Wednesday, November 09, 2016

The Trump Era’s Promise


Americans are setting off into uncharted territory. We needed to do that.



November 9, 2016

PHOTO: President-elect Donald Trump greets supporters during his election night rally in New York, Nov. 9, 2016.
Mike Segar/Reuters

Wow. Just wow. I’ve never been more shocked by anything in politics. Monday night my friend and former colleague Freddy Gray, now at the Spectator, called and I told him that there wouldn’t be any Brexit-type shock, that most journalists were biased but the pollsters were skilled and professional, and that I doubted I’d take a 25–1 bet for Trump for real money. Of course, I added, I’d vote for him, thought his campaign was on balance pretty wonderful, etc. But the point was to build a base for next time, when a more normal politician—Christie, Cruz, Tom Cotton, Pence, or an as-yet-unknown figure from outside politics—would take up Trump’s issues, especially immigration, and run with them.
Working-class counties all over Pennsylvania and the Midwest that Obama had carried comfortably went for Trump—something that should, but won’t, give pause to the progressive commentariat now inundating us with their lamentations about racist America. I voted for both men myself, and hope dearly the meeting between Obama and Trump on Thursday is substantive, wry, and interesting to both in ways neither would ever have anticipated. For months I had been visualizing the moment, sometime in 2017, when Obama realized that Hillary, with her hawkishness and neocon coterie, threatened to undermine the basic tenets of his foreign policy. That now is never going to happen. So conversely, I hope that Obama now finds it in him to tell Trump, “you know you’re probably right about Russia, and I gave the Hillary and the neocons in the State Department too free a hand in trying to expand NATO right up to Russia’s borders.” After which Trump can reply that the Iran deal is something that shouldn’t be scrapped and ought to be built upon. One can hope, anyway.
Trump’s eloquent speech in the early hours of the morning carried in it all the seeds of an effective beginning to his administration. He made clear we would seek hostility with no country. He has a clear mandate to nominate Scalia-like justices to the Supreme Court and to stem illegal immigration—beyond that, he has a clean slate to move in almost any direction. Now the important thing is to hope and pray Trump governs well, and to do everything we can to make that happen.

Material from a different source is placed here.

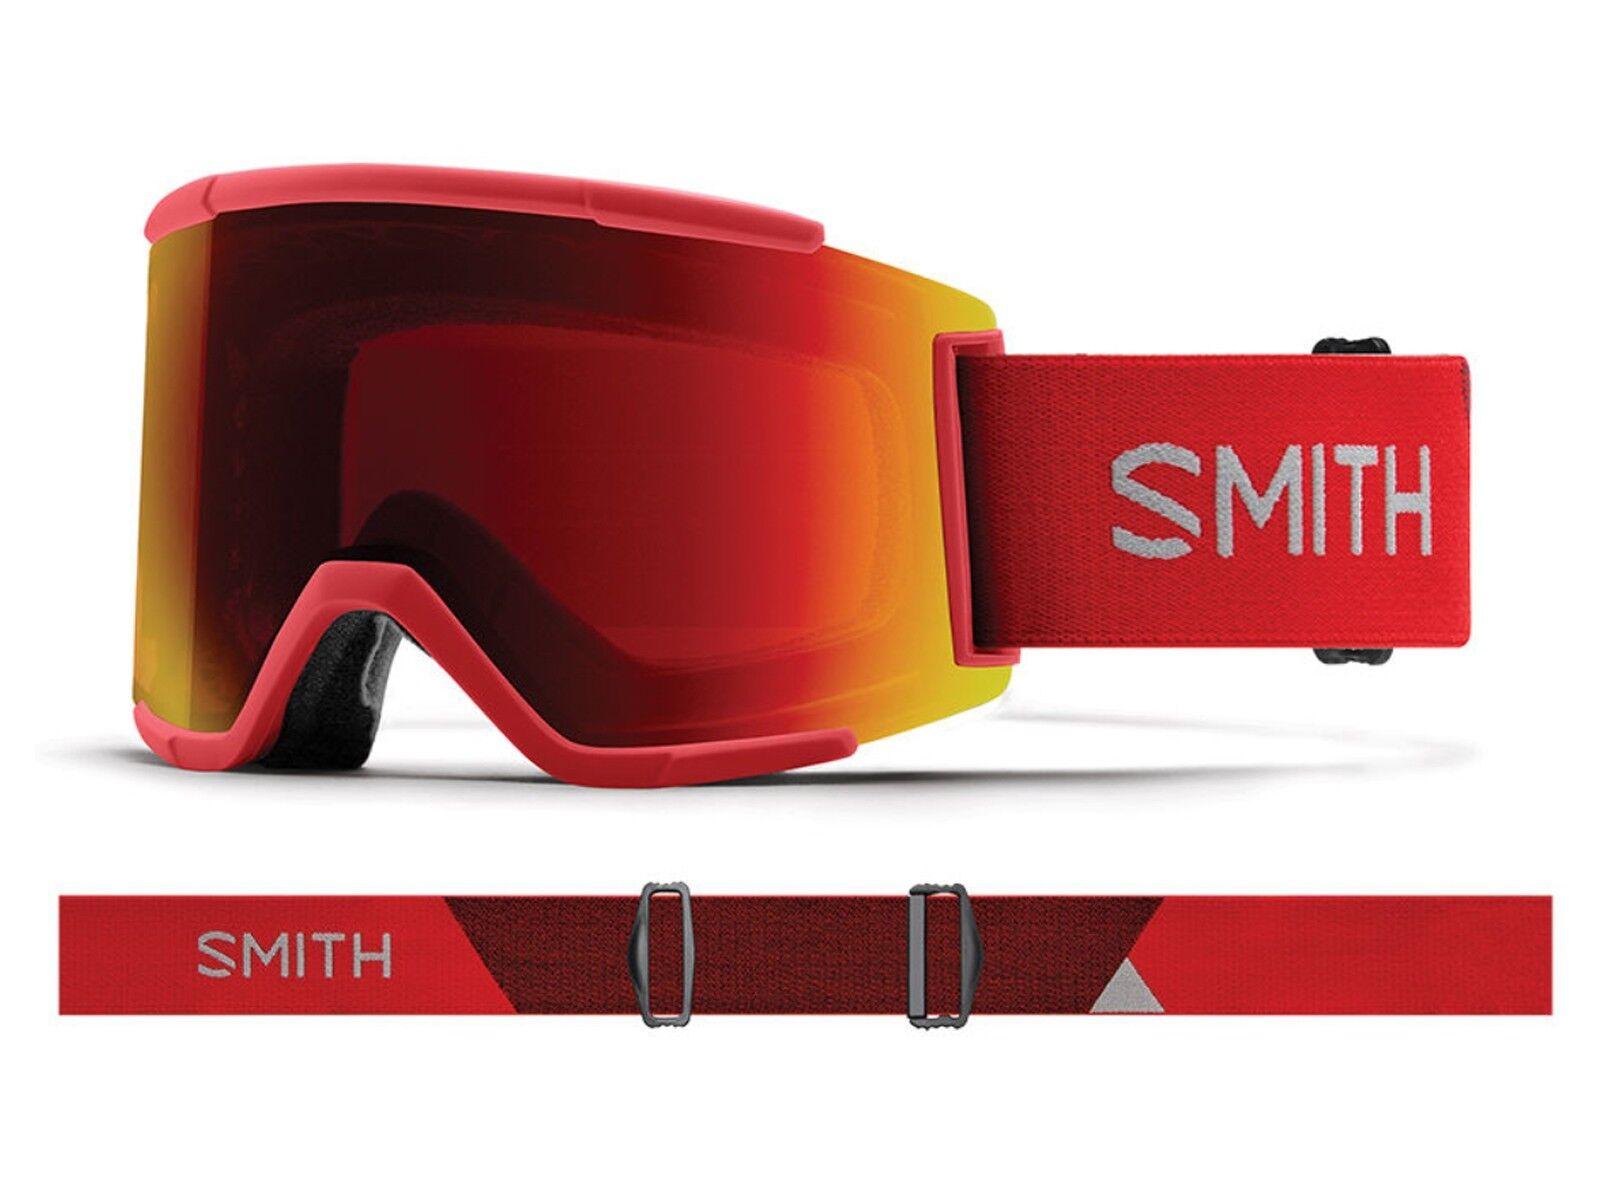 MASCHERA SCI SNOWtavola  LENTE OMAGGIO  SMITH  M00675 MP 2Y9  SQUAD XL CHROMAPOP

I hope his administration reaches out to some of the reformocons, Reihan Salam and his group, and that they don’t give him a cold shoulder. Progress toward peace in the Israel-Palestine conflict is obviously off the table: Trump received the support of many right-wing Zionists, who are very much with him on several important issues. But it doesn’t matter in the short run—no American president was going to bring about a two-state settlement anyway. In the near to medium future, Israel will face growing pressures to allow West Bank and Gazan Palestinians to vote, but that’s Israel’s problem.
It gets lost in the campaign hurly-burly, but Trump has shown extremely good judgment in reaching out to Washington insiders on some issues. I was glad Jeff Sessions was mentioned explicitly last night, and brought on stage: he is the most knowledgeable figure about immigration in the Senate, and his former aide, Stephen Miller (who joined the campaign) played a key role in drafting Trump’s formal immigration positions. There is already a Capitol Hill intellectual infrastructure concerned with immigration that bypasses “white nationalism” and bigotry of any sort, centered on the Center for Immigration Studies, run by Mark Krikorian. If Trump had started out speaking about high immigration rates by noting, dryly, their impact on American wages, school budgets, infrastructure, and government-assistance payouts, no one would have noticed. Instead, in his announcement last June, he said something demagogic. It worked. But formulating an immigration policy that serves the interests of the American people—rather than people all over the world—is very much a possibility, and requires no demagogy at all. It’s a very normal thing for a country to do.
More than most presidents, Donald Trump needs our help. He doesn’t bring with him a big network of policy people, professional politicians, and their staffers. He forged a campaign on the triad of issues Pat Buchanan wrote three books about—trade, immigration, and foreign policy—and took the correct (i.e. Buchananite) positions when no one else in the Washington establishment did. That demonstrates either uncanny political judgment or astonishing opportunism—or some combination of both. But putting together a team to implement this agenda, or part of it, rather than a default Paul Ryan-style agenda will take diligence and skill. The transition—the staffing of a Trump administration—will be critical. Trump is a smart man, and sensitive in unexpected ways. He is also a loner, brash, intemperate. He will soon find the limits of the presidency.
Americans are setting off into uncharted territory. We needed to do that. The trajectory we were on—good working class jobs disappearing, accelerating entry of unskilled immigrants, the creation of an ultra-liberal Supreme Court that will shape the law for generations, collapsing infrastructure, rising crime, escalating attacks on police officers, political correctness enforced at increasingly insane levels—was simply awful. Had it continued, the America most of us grew up in would be gone forever. Now we have a chance to Make America Great Again.
Scott McConnell is a founding editor of The American Conservative.